■ **DATASET EXTRACT**:
*-*-*

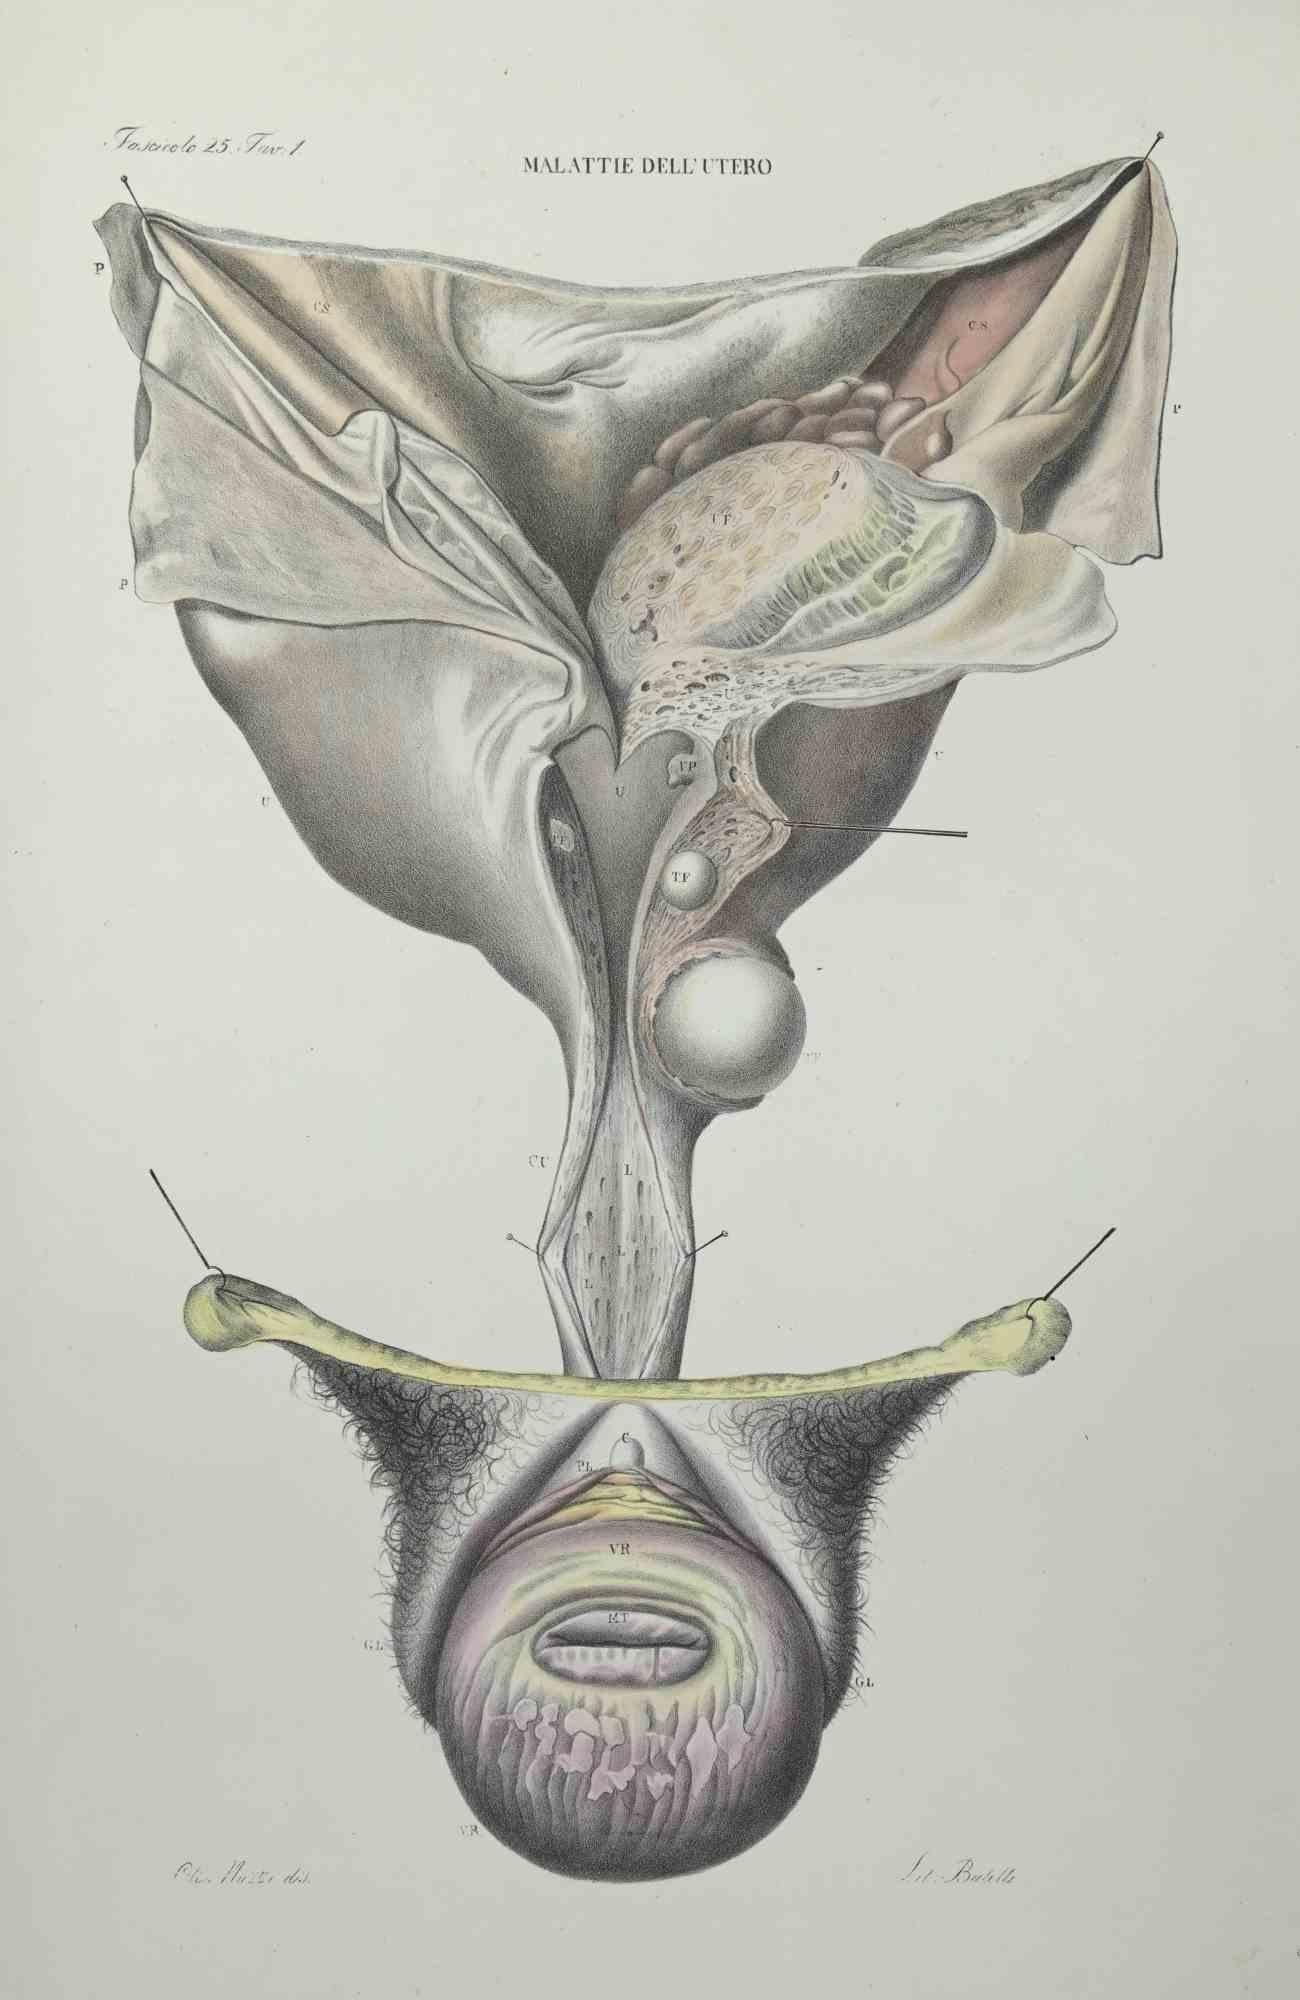 Uterus Diseases is a lithograph hand colored by Ottavio Muzzi for the edition of Antoine Chazal,Human Anatomy, Printers Batelli and Ridolfi, realized in 1843.
Signed on plate on the lower left margin. 

The artwork belongs to the "Atlante Generale

*-*-*

■ **TASK OBJECTIVE**:
What you return should be the full listing, unchanged, minus the pictures.

■ **EXERCISE RESPONSE**:
 Uterus Diseases is a lithograph hand colored by Ottavio Muzzi for the edition of Antoine Chazal,Human Anatomy, Printers Batelli and Ridolfi, realized in 1843.
Signed on plate on the lower left margin. 

The artwork belongs to the "Atlante Generale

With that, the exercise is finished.